EXERCISE INSTRUCTIONS: Using the data that follows, give again word for word the lines between the one holding "El DSM-5 se" and the one holding "Escudo Prado Del", inclusive. Omit the pictures.

RECORDS TO USE:
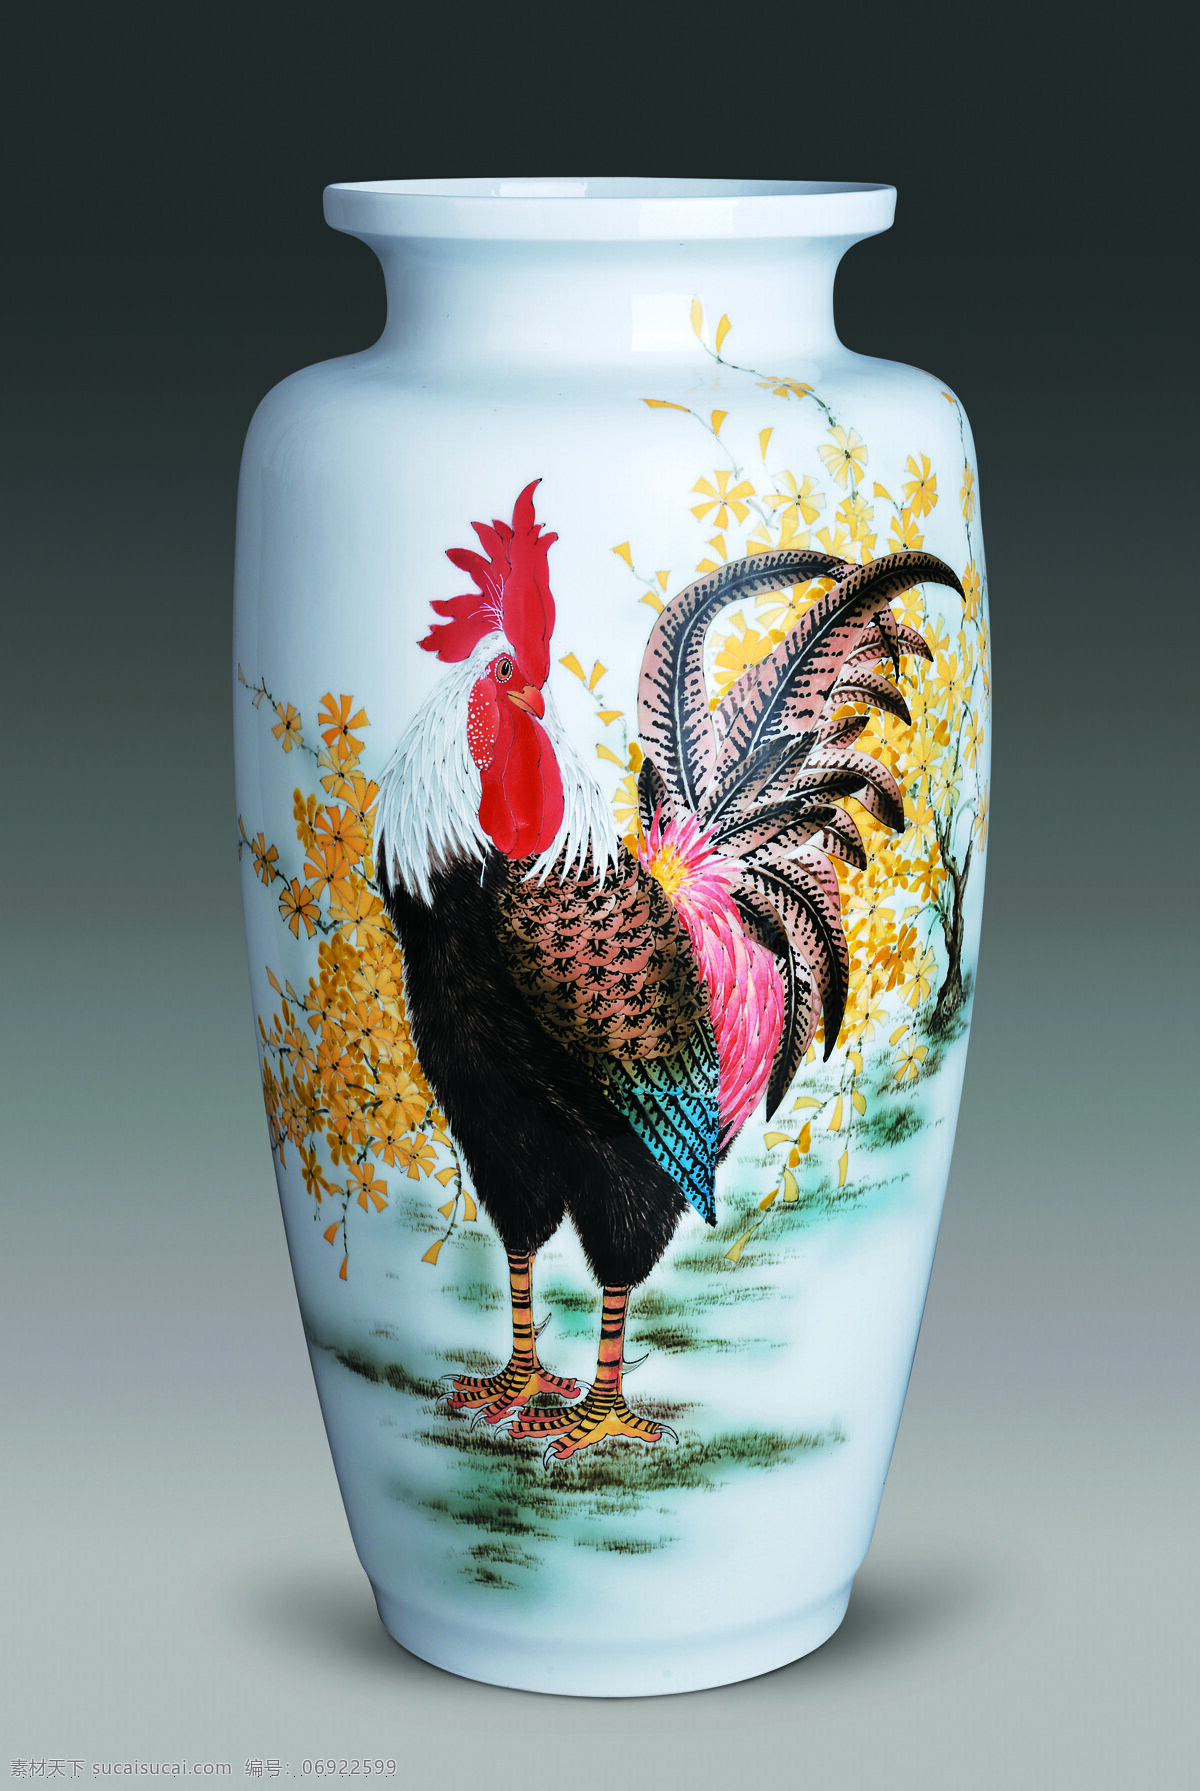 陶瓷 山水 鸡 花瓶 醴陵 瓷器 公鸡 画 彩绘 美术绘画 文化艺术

--

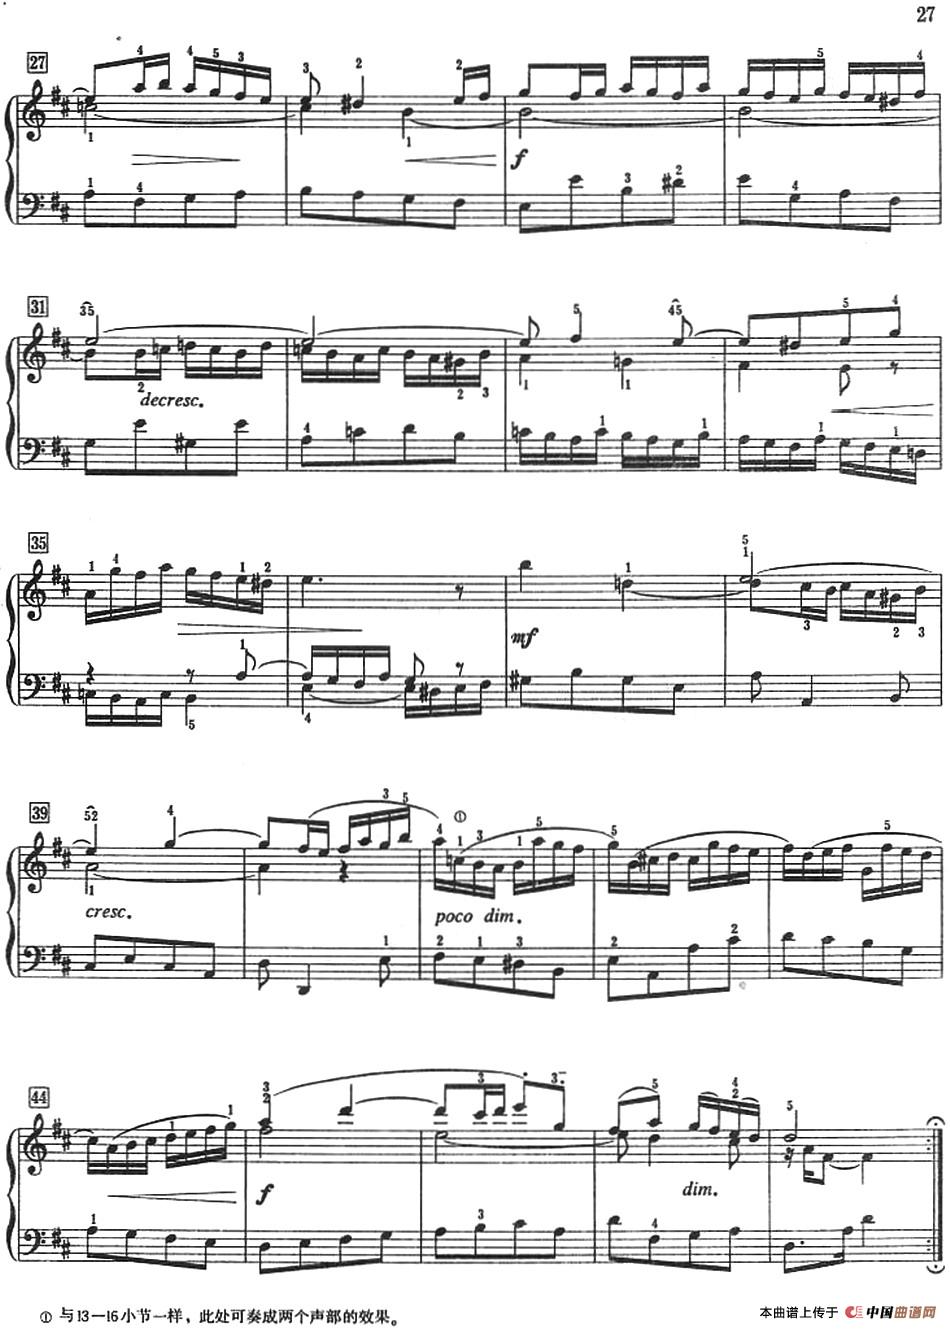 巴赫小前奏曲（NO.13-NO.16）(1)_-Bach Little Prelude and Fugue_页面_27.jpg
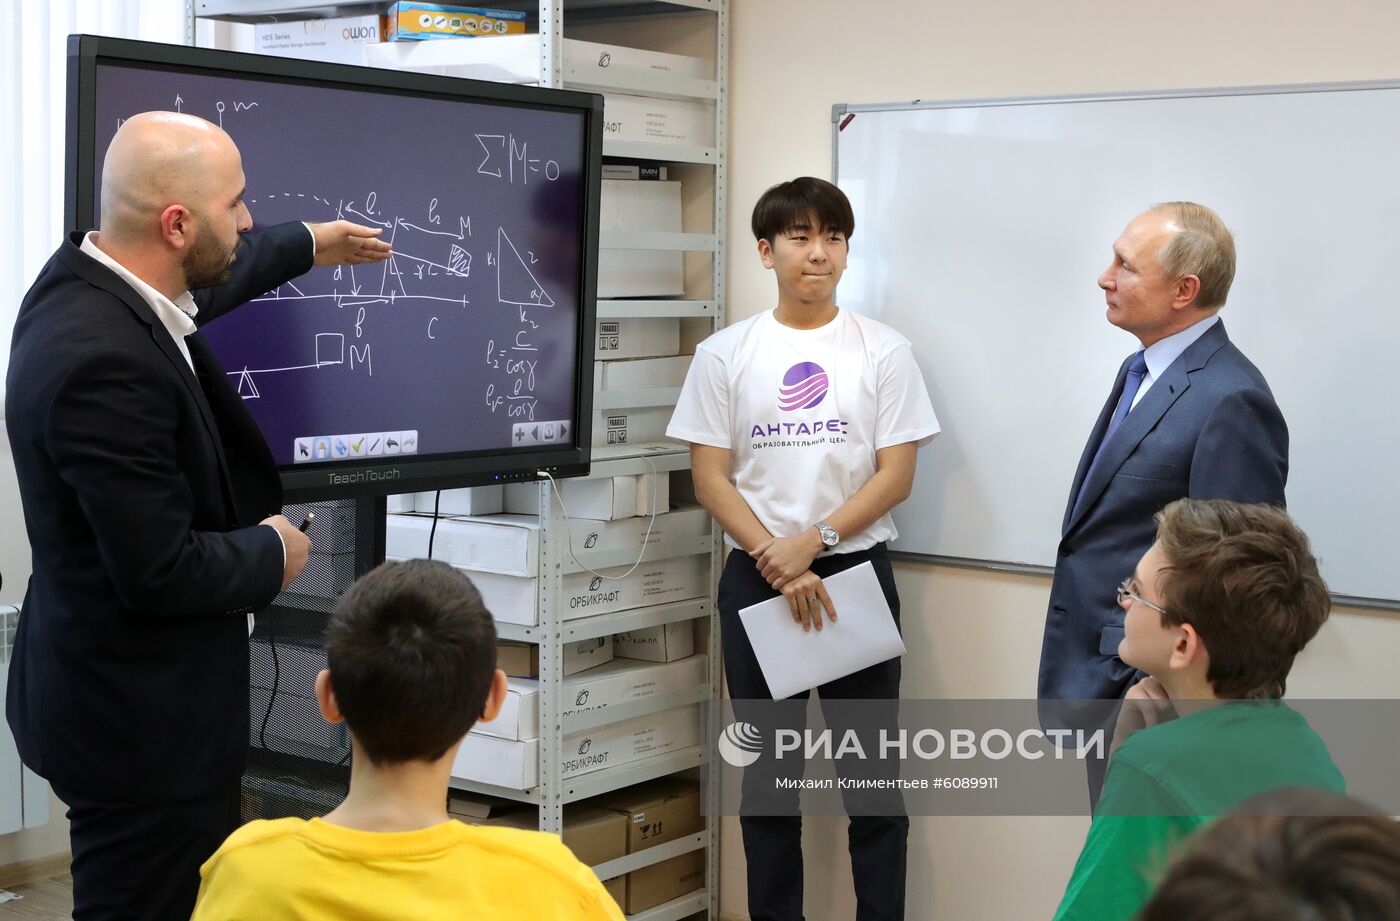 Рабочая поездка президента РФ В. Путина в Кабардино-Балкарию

--

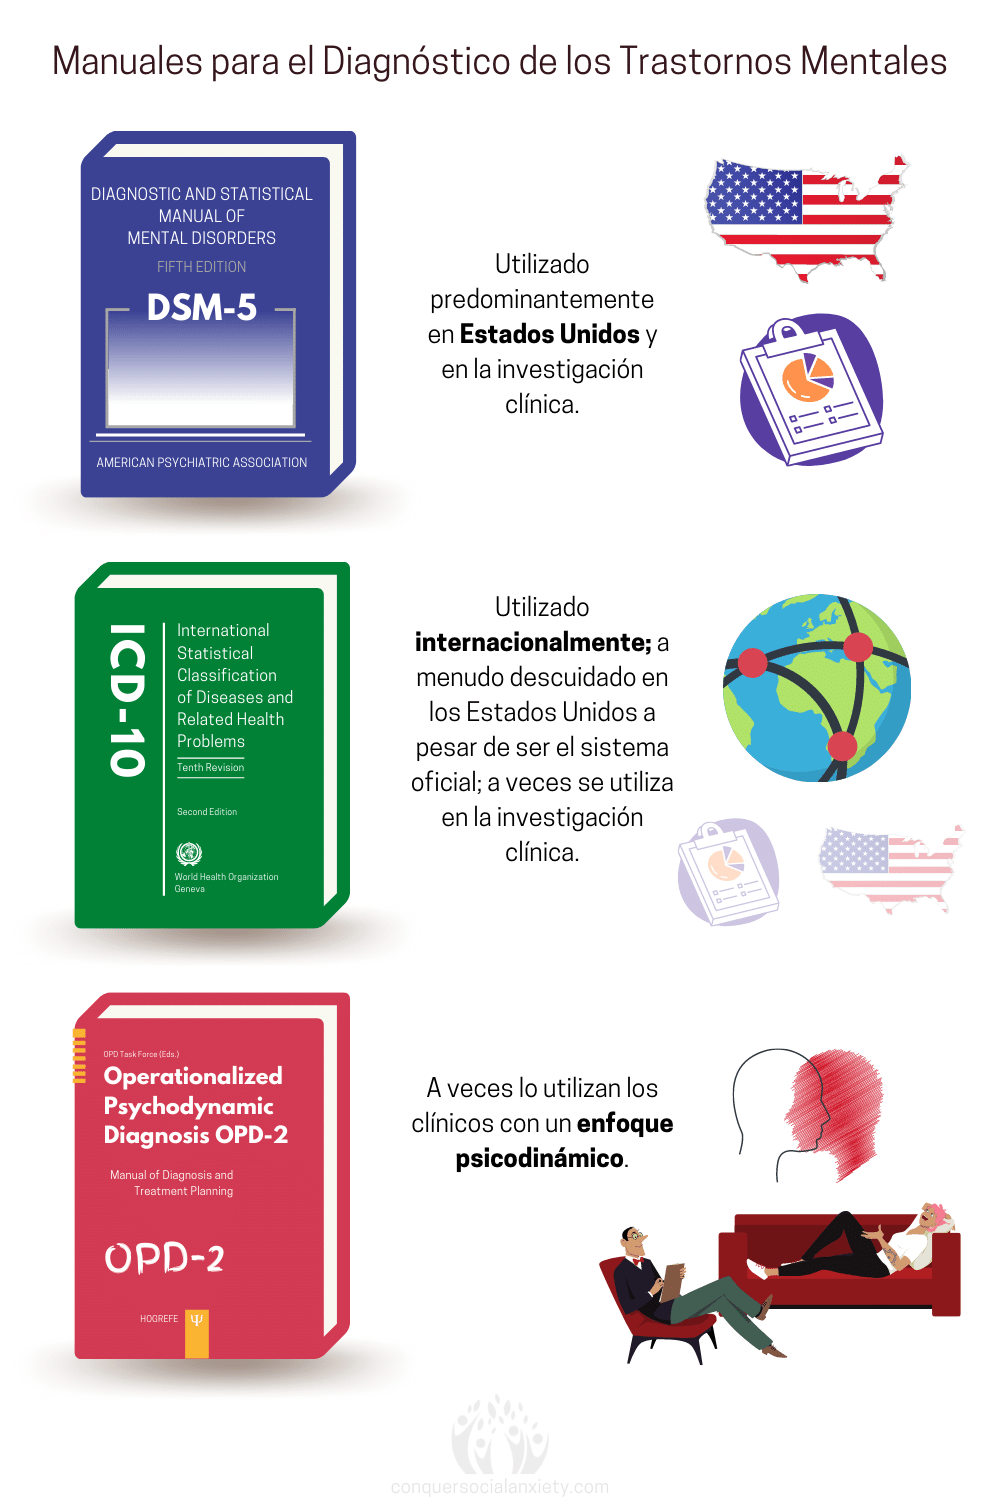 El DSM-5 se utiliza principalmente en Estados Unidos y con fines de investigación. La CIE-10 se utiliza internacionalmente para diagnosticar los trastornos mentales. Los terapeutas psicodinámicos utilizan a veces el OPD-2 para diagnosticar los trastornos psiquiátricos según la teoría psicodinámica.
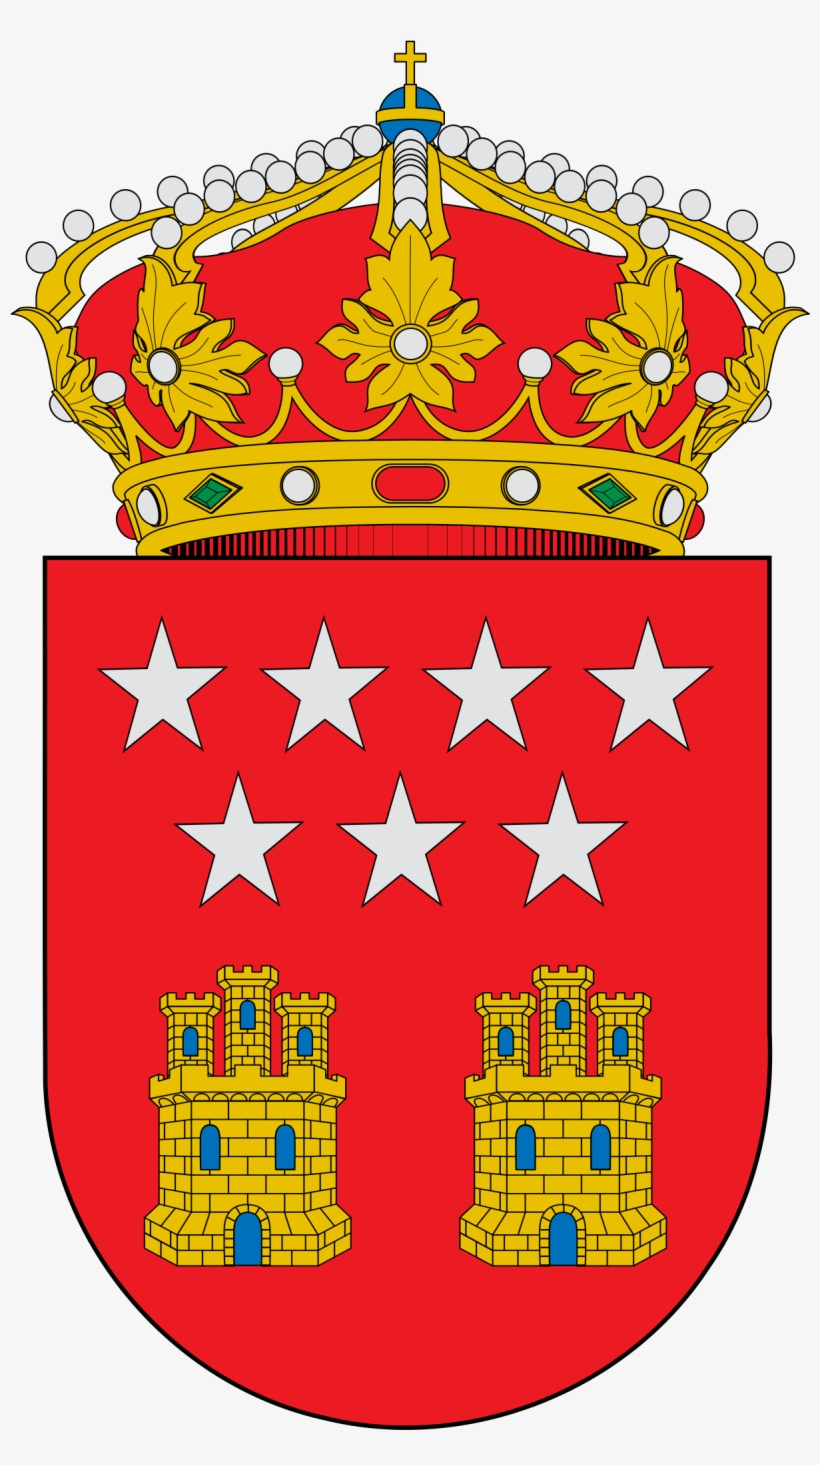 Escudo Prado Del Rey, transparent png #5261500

RESPONSE:
 El DSM-5 se utiliza principalmente en Estados Unidos y con fines de investigación. La CIE-10 se utiliza internacionalmente para diagnosticar los trastornos mentales. Los terapeutas psicodinámicos utilizan a veces el OPD-2 para diagnosticar los trastornos psiquiátricos según la teoría psicodinámica.
 Escudo Prado Del Rey, transparent png #5261500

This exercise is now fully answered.